Data entries
****************

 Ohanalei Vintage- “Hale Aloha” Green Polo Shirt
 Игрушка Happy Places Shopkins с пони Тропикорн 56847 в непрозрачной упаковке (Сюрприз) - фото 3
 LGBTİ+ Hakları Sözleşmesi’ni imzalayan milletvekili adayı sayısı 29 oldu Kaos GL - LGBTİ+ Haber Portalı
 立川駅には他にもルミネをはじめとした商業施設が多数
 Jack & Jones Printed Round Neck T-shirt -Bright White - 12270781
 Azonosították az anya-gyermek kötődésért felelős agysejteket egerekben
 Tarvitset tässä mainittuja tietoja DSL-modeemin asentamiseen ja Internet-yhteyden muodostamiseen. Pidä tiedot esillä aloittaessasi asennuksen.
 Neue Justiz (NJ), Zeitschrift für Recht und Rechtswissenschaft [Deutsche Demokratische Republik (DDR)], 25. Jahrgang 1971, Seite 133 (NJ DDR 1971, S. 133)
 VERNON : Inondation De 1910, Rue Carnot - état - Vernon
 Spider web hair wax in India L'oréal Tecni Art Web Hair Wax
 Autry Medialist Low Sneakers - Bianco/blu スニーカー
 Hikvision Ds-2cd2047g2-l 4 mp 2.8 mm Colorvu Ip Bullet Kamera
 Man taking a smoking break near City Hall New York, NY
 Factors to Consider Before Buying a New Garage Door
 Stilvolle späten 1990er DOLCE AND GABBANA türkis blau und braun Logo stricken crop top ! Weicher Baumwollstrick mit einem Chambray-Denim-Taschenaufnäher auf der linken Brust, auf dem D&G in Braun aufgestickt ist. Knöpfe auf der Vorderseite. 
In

****************

[WHAT THE EXERCISE ASKS]:
Print the entries once more, character for character.

[RESPONSE TO THIS EXERCISE]:
 Ohanalei Vintage- “Hale Aloha” Green Polo Shirt
 Игрушка Happy Places Shopkins с пони Тропикорн 56847 в непрозрачной упаковке (Сюрприз) - фото 3
 LGBTİ+ Hakları Sözleşmesi’ni imzalayan milletvekili adayı sayısı 29 oldu Kaos GL - LGBTİ+ Haber Portalı
 立川駅には他にもルミネをはじめとした商業施設が多数
 Jack & Jones Printed Round Neck T-shirt -Bright White - 12270781
 Azonosították az anya-gyermek kötődésért felelős agysejteket egerekben
 Tarvitset tässä mainittuja tietoja DSL-modeemin asentamiseen ja Internet-yhteyden muodostamiseen. Pidä tiedot esillä aloittaessasi asennuksen.
 Neue Justiz (NJ), Zeitschrift für Recht und Rechtswissenschaft [Deutsche Demokratische Republik (DDR)], 25. Jahrgang 1971, Seite 133 (NJ DDR 1971, S. 133)
 VERNON : Inondation De 1910, Rue Carnot - état - Vernon
 Spider web hair wax in India L'oréal Tecni Art Web Hair Wax
 Autry Medialist Low Sneakers - Bianco/blu スニーカー
 Hikvision Ds-2cd2047g2-l 4 mp 2.8 mm Colorvu Ip Bullet Kamera
 Man taking a smoking break near City Hall New York, NY
 Factors to Consider Before Buying a New Garage Door
 Stilvolle späten 1990er DOLCE AND GABBANA türkis blau und braun Logo stricken crop top ! Weicher Baumwollstrick mit einem Chambray-Denim-Taschenaufnäher auf der linken Brust, auf dem D&G in Braun aufgestickt ist. Knöpfe auf der Vorderseite. 
In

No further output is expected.